Her colleague is dead in the Amazon. Marina Singh has the letter in her hand. Fever and delirium, the macabre gift of mosquito-borne malaria. Dr. Eckman's death is a tragedy, the letter says. A tragedy but only a minor setback for Vogel, a pharmaceutical company conducting fertility research on the Lakashi tribe along the Rio Negro in Brazil. Begged by Dr. Eckman's wife to prove her husband's death and ordered by her boss to monitor the progress of the company's research, Marina boards a flight bound for Manaus, Brazil and finds herself, weeks later, on a pontoon gliding deep into the heart of the Amazon.

Manaus, or "Mother of the Gods," is the capital of the Amazonas and the largest city in northern Brazil. It's hard to imagine a city located squarely within the boundaries of the Amazon Basin having multiple-lane roads and bars with outdoor stages, but such is the way of life in Manaus. Equally incongruous with its rainforest setting is Teatro Amazonas, the city's 115-year-old opera house that was built with roofing tiles from Alsace, furniture from Paris, steel walls shipped in from England, marble tiles and columns from Italy, and water for its drinking fountains airlifted north from Antarctica. (Just kidding about that last one. I hope.) If the opera house is too much of a cultural experience for those wondering how the heck there's an opera house in the Amazon, the Parque do Mindu might be just the perfect pre-jungle tour nature experience. The park covers 33 hectares near the city's center and is home to Manaus's own endemic species of tamarin - the sanguinus bicolor. Just downriver, the black water of the Rio Negro meets the white water of the Rio Solimoes and the two flow, magnetically parallel, for several kilometers before mixing.

Manaus rests at the mouth of the Rio Negro, one of many rivers that curls its way deep into the jungle fog and foliage. For many, the city exists as a glorified way station - its supply stores and cheap hotels essential stops for tourists awaiting their pontoon ride into the heaving soul of the Amazon.

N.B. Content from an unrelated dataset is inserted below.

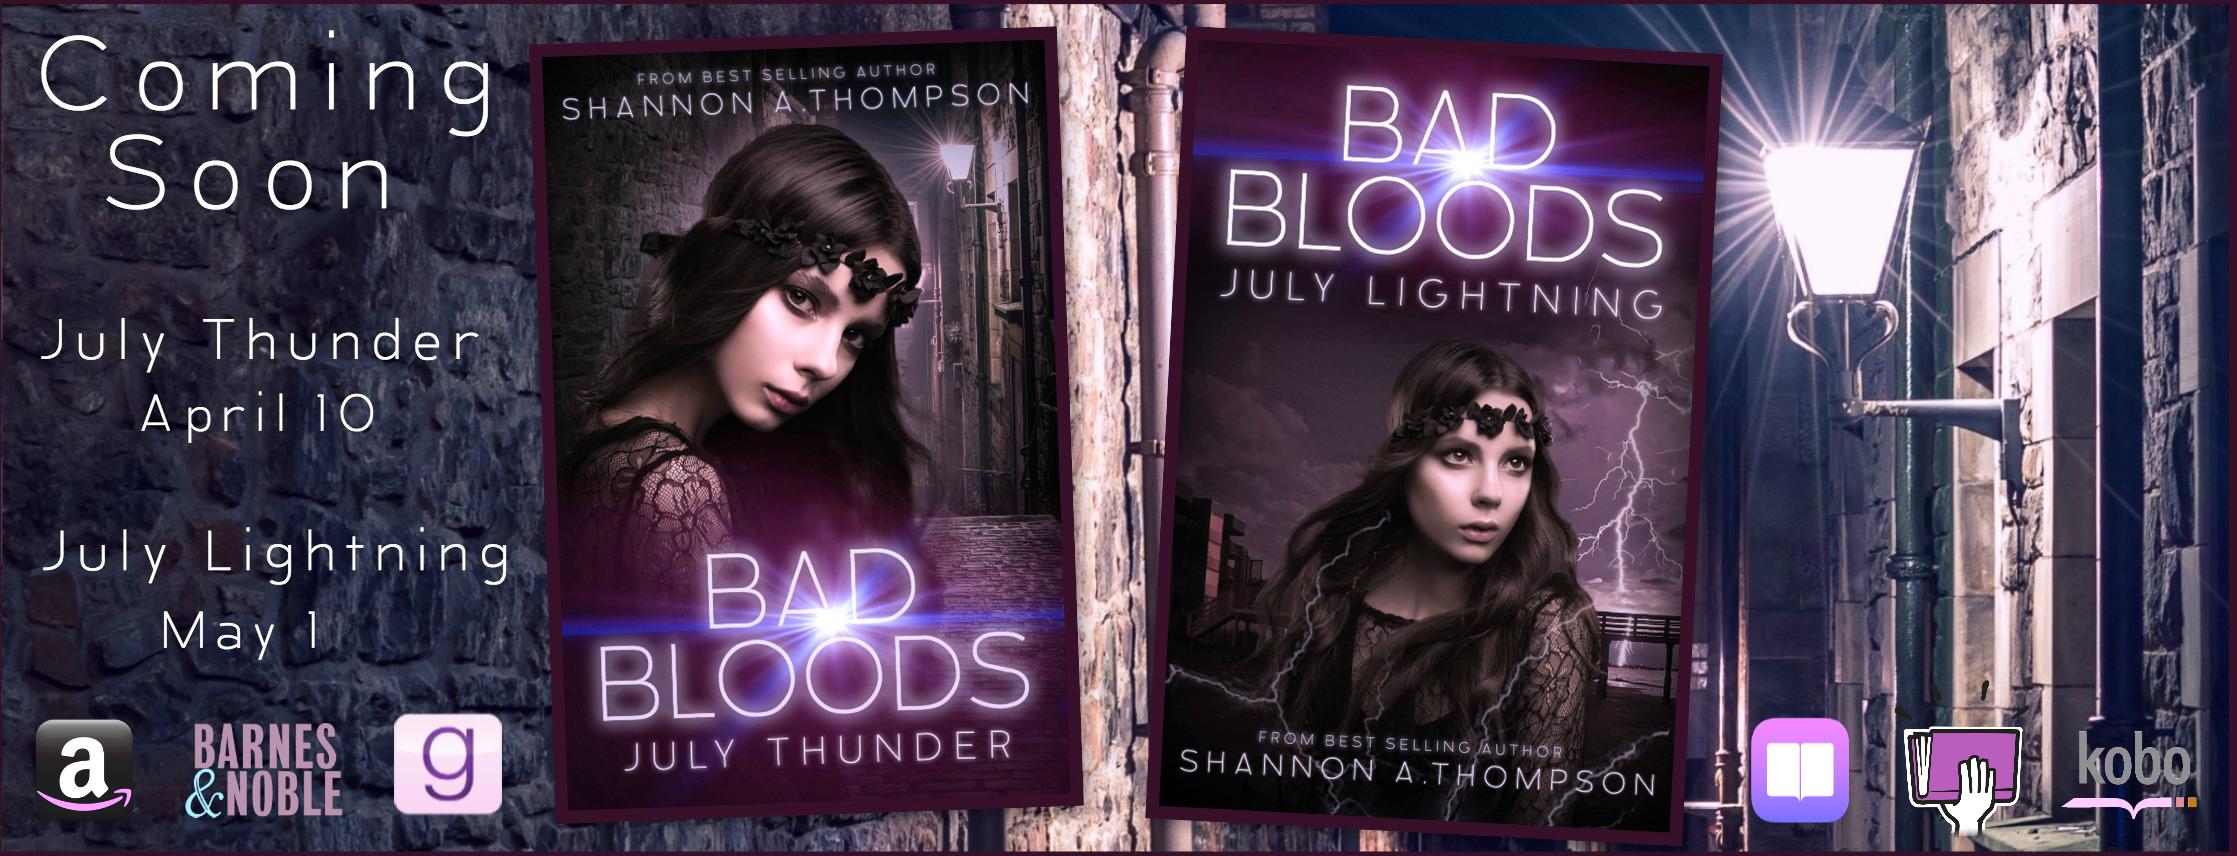 Bad Bloods: July Thunder and Bad Bloods: July Lightning

And oh, the Amazon. Rivers so deep and murky there's no telling what lurks in their waters. Bullet ants the size of a child's thumb have a sting as powerful and debilitating as a gunshot. Though nonvenomous, 20-foot anacondas can make quick work of wringing the life out of a healthy, unsuspecting tourist on the worst day of his life. Contracting malaria is as easy as letting a mosquito land on your bicep. The native tribes are often hostile, swiftly answering the tourist problem with a deluge of razor-sharp arrows. At its worst, the jungle is something south of hospitable and somewhere south of hell.

So what would possess a person to trek beneath its deadly green veil? Its size, for starters. The Amazon covers 1.7 billion acres (roughly the size of the contiguous United States) and dips into nine countries, containing more than half of the world's remaining rainforests. The Amazon River is discharges more water than any other river in the world and is bested in length, at 4,080 miles, by only the Nile. Tributaries traverse the basin like bloodlines, each feeding its own delicate and complex ecosystem. Here, in the flooded forests and savannas of the largest rainforest on the planet, indigenous tribes have created entire civilizations that are invisible to the rest of the world, protected by the green canopy of Kapok and Brazil nut trees.

And just as a quick editorial note, allow me to suggest that you not set out on your own in a paddle boat down a river filled with piranhas and freshwater bull sharks. Marina Singh's mission may have been motivated by science and the death of her colleague, but unless you're equipped to handle a month-long stay with a remote Amazonian tribe whose women can give birth into their seventies, I'd urge you to book flights to, say, Jamaica instead.